Thursday 20 February 2014

My first day off is offish

When I woke up to my first day off since I arrived I was in a state. I hadn't slept well as I was having unexplained panic attacks which woke me up periodically. I should have slept well as I was exhausted. My cold and the gigs and the stress had reduced my voice to a whisper that people struggled to hear on the noisy streets of Sao Paulo. I felt awful and now I had diarrhoea too. I had finally woken up in the late afternoon and was in too poor a state to go out on my own. The tour had stopped for the moment but my head hadn't. I only knew a few words of Portuguese, I had forgotten were the subway was because it was shown to me when I first arrived and I hadn't retained it and I had a map which didn't say 'You Are Here' so I couldn't work out our exact road was, and Sao Paulo is one of the most complex cities in the world to navigate to the extent that everyone gets lost or uncertain of their bearings at times. The taxi drivers get lost, my hosts get lost, and the locals get lost. Overall, the city is very difficult for tourists to navigate. I am a bit uncertain about going out.
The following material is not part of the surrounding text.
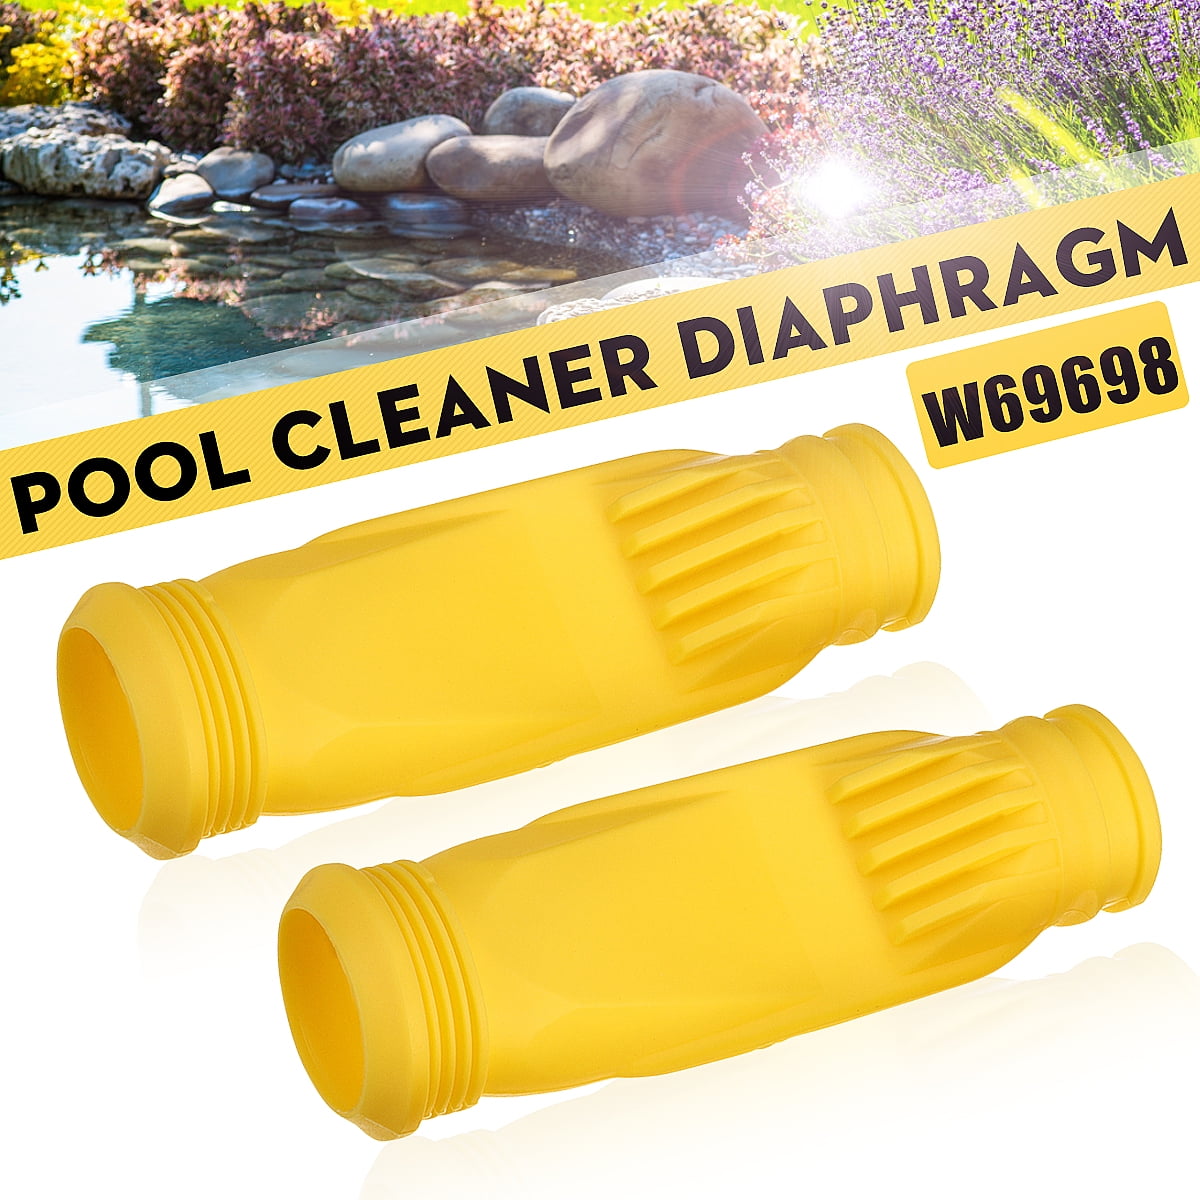 2X Pool Cleaner Diaphragms Kit For Zodiac Baracuda G3 G4 W69698 W81701 W81700

Anyway, I need to update my blog and that will take an afternoon, plus I needed to have a nap to make up for lost sleep, that's the day sorted then.
By the evening time I was hungry and a little stir crazy so I decided to go to the Pizza restaurant just across from my apartment. I had been there the night I arrived, the food had been good and the atmosphere convivial, I'll try there after I finished writing this last paragraph was my plan.
An hour later I was still typing and still promising I would go out after I finish the next paragraph so I thought that was odd. I decided that I was very hungry and needed to go but another part of me said no, you can't go out there! The more I thought of it, the more terrified I became, this isn't right, I thought, this feels irrational. Irrational it was. I must have pushed myself beyond endurance and that now I was beginning to crack up. I felt lonely, anxious, my self confidence had been stripped away and I was left a mere husk, but a hungry husk, so I have to go out. No I don't, yes I do. I wash and gather myself up, checking I have everything to the extent that it appears an excuse not to go out. I take my netbook and a phrase book and leave the apartment. In the lift I am going cold and shivery, then I'm boiling hot. I walk across the courtyard towards the front of the building,
and my heart is pumping in my chest. I walk slowly down the steps to the security gate and pause for a moment. I can't do it (but I must). This is now feeling like acrophobia and it is horrible, I am super anxious now, my heart is racing faster and faster and I feel faint.
I take resolve, open the gate with the security key step out and close it behind me. I push myself away from the gate with a velocity that I hope will place me on the other side of the road. It does and I hurtle through the entrance of the Pizza restaurant and down on to a seat at a table before I could change my mind. I order an unknown Pizza because I recognise the word Broccoli in it and sit back to wait to see what my food really looks like.

This is absurd, I thought I really must get some rest.